TASK DESCRIPTION: Your task is to write out every line of the data exactly. Drop the pictures.

Source data:
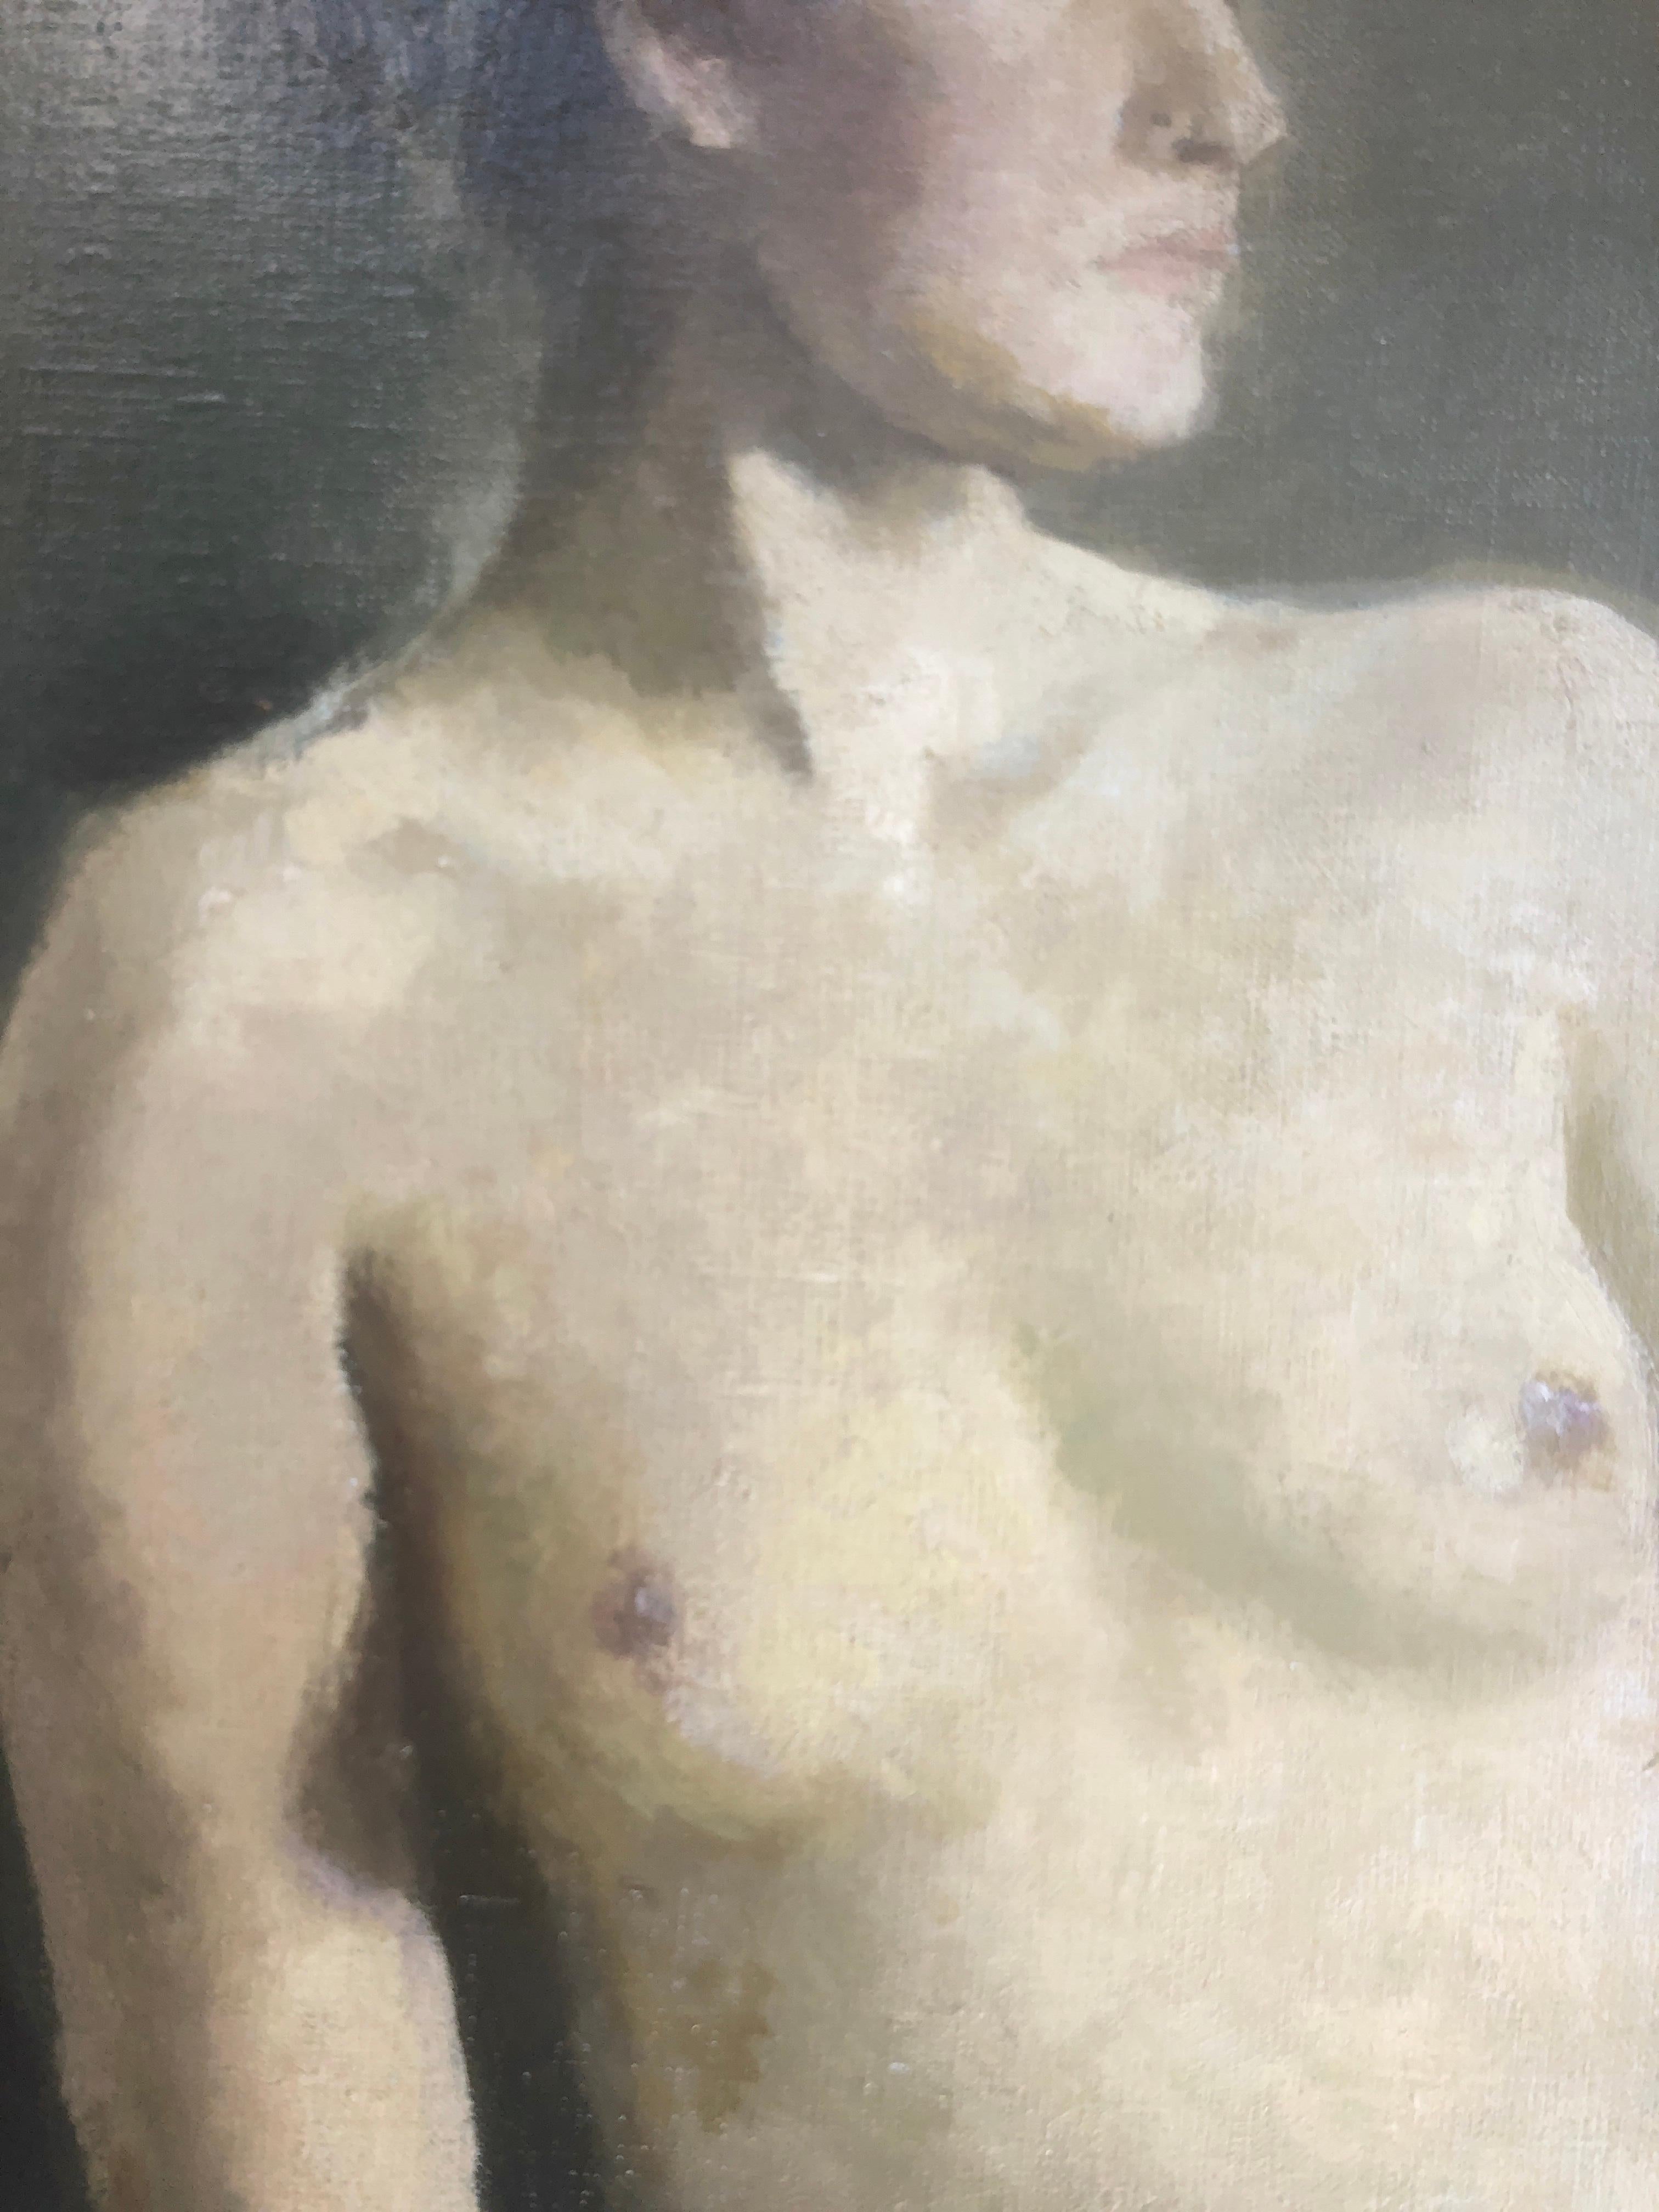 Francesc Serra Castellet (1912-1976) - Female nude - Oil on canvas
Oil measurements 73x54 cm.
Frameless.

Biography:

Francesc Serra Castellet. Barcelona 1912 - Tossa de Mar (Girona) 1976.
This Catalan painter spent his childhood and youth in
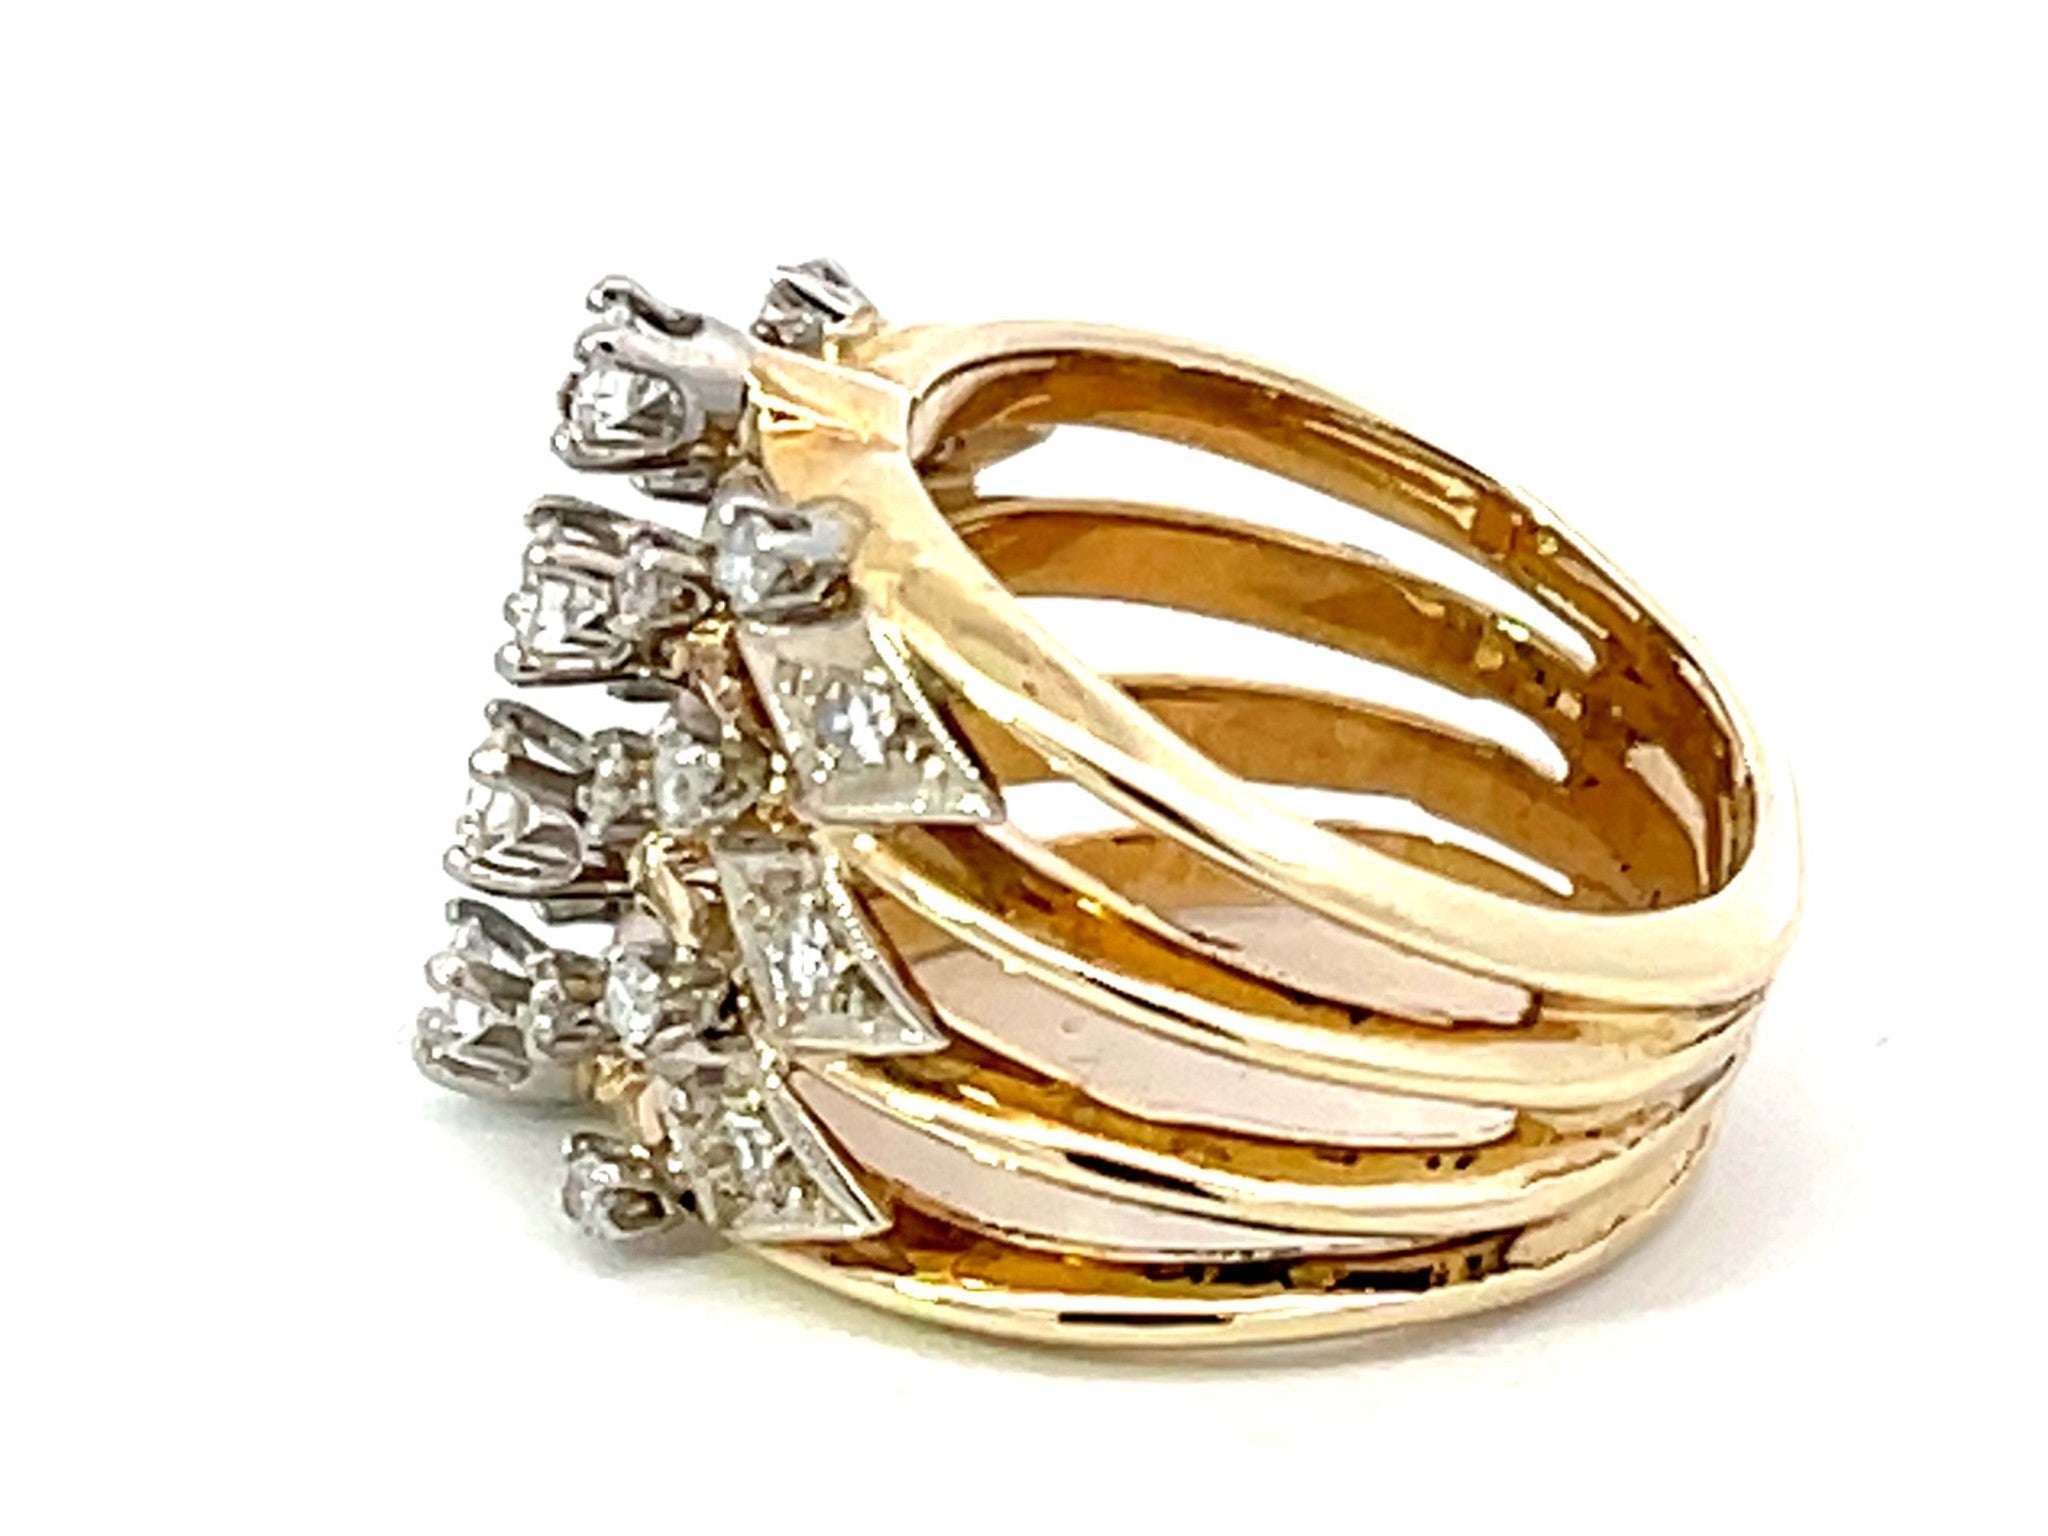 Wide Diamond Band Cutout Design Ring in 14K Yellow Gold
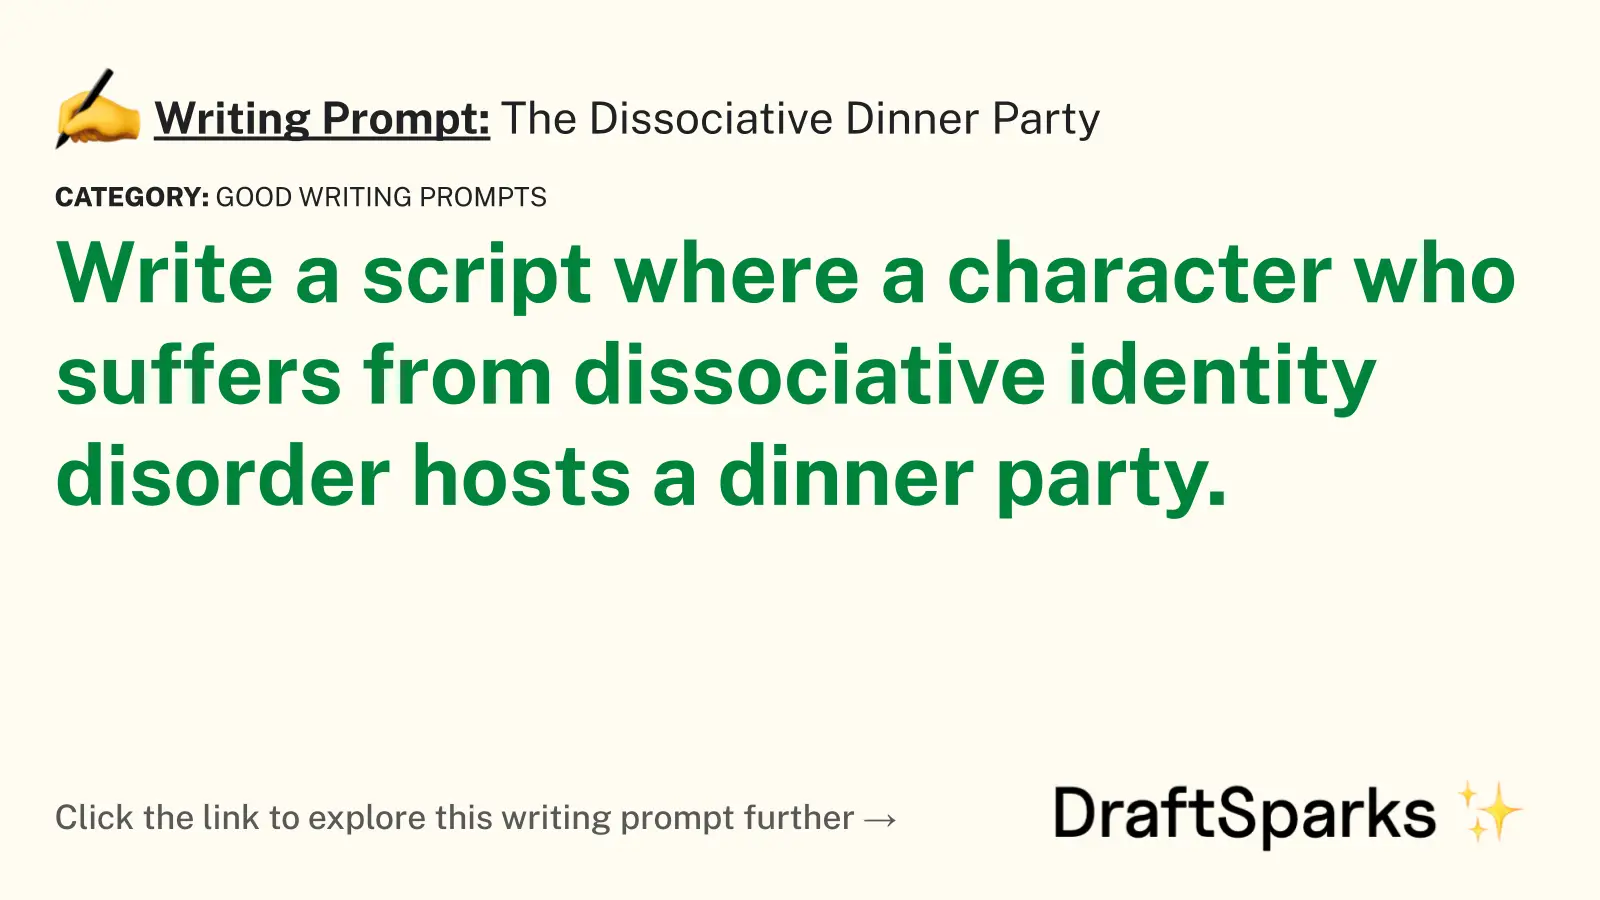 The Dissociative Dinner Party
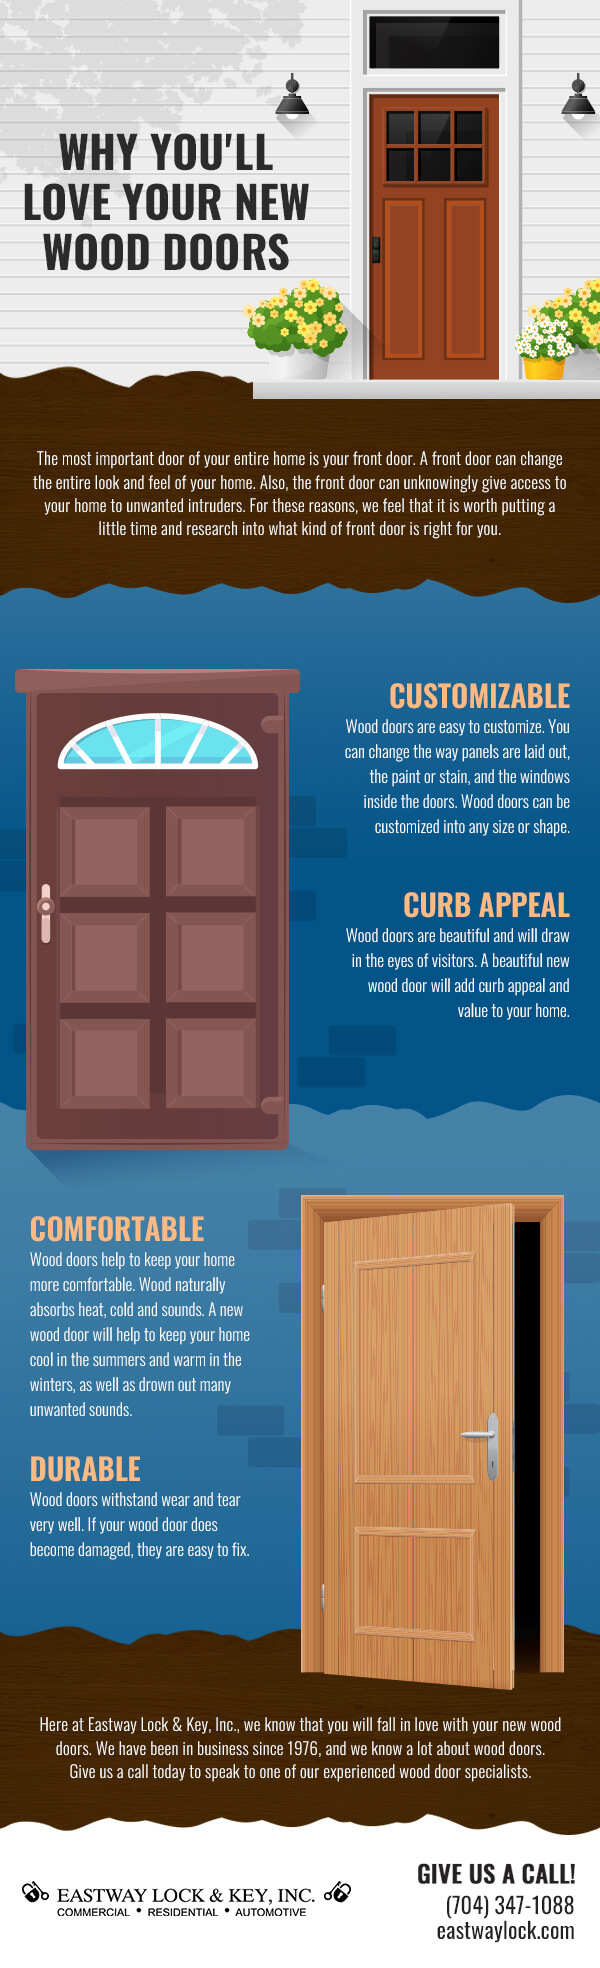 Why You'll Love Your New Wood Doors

ANSWER AREA:
 Francesc Serra Castellet (1912-1976) - Female nude - Oil on canvas
Oil measurements 73x54 cm.
Frameless.

Biography:

Francesc Serra Castellet. Barcelona 1912 - Tossa de Mar (Girona) 1976.
This Catalan painter spent his childhood and youth in
 Wide Diamond Band Cutout Design Ring in 14K Yellow Gold
 The Dissociative Dinner Party
 Why You'll Love Your New Wood Doors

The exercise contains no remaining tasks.